During the The Wall Street Journal's "D: All Things Digital" conference yesterday, Bill Gates and Steve Ballmer appeared for an onstage interview during the opening events in Carlsbad, California, where they touted the touch-screen features.
Gates first introduced the Surface computer a multi-touch table-based computer at last year's conference.
Windows 7, officials confirmed Tuesday evening, is still on schedule to ship approximately three years after the January 30, 2007 commercial roll out of Windows Vista.
At the same time, Chris Flores, a director on the Windows Client communications team, posted a link to a video of the multi-touch capabilities running on Windows 7 on the Windows Vista Team Blog.
"What becomes even more compelling is when this experience is delivered to the PC on a wide variety of Windows notebooks, in all-in-one PC's, as well as in external monitors," Flores' post said. The company is working with hardware and software makers to make the feature a compelling addition in Windows 7, he added.
Among the features highlighted during a demo of Windows 7 at the conference was one that should seem familiar. The demo featured a photo management application that enabled the user to move the pictures around with her hands.

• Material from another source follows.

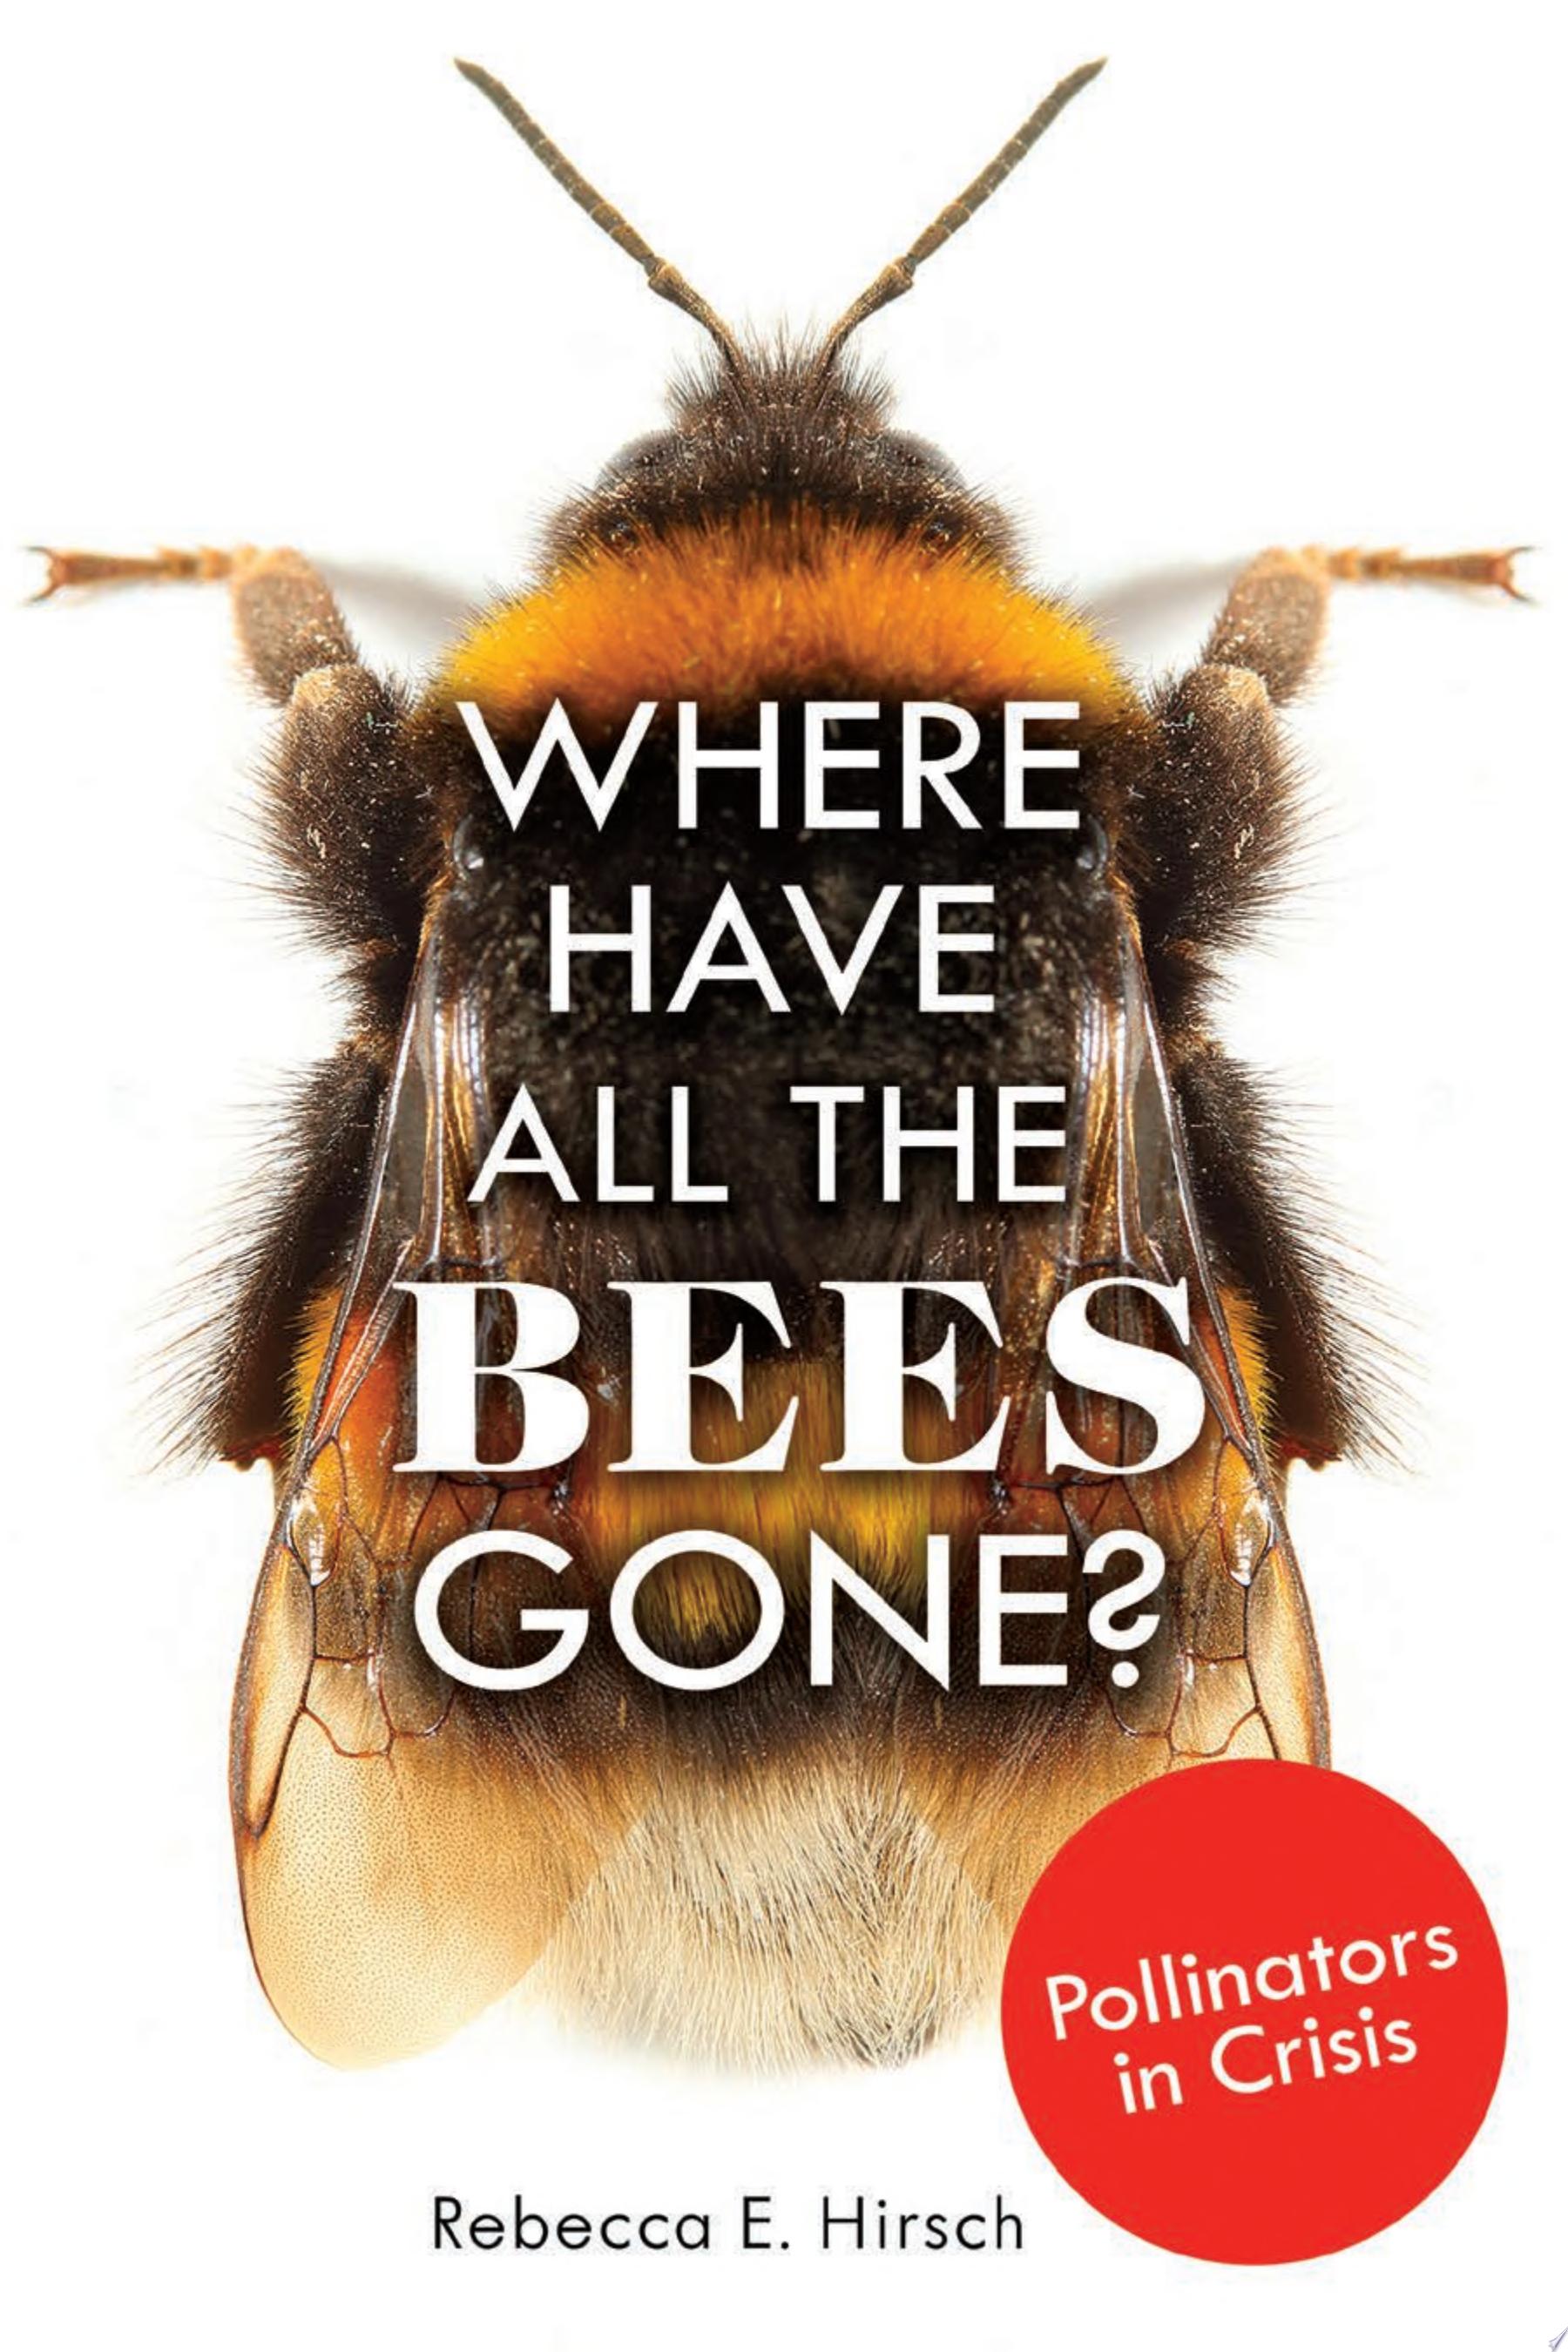 Image for "Where Have All the Bees Gone?"

Microsoft is not the only company experimenting with multi-touch interfaces. Apple's iPhone sports the same sort of capability. The idea is that being able to directly manipulate objects on the screen with hands or fingers is more efficient in many circumstances than using a mouse.
Announced with much fanfare last year, the first Surface computers were supposed to be in use by the end of 2007. As it turned out, AT&T began using the devices as a sales tool in some of its phone stores last month.
Earlier this month, Gates demonstrated a whiteboard-sized multi-touch display during his keynote speech at Microsoft's annual CEO Summit.
"All the surfaces [on walls and desks] will eventually have a low-cost screen display capability in both the office and the home," Gates said at the time.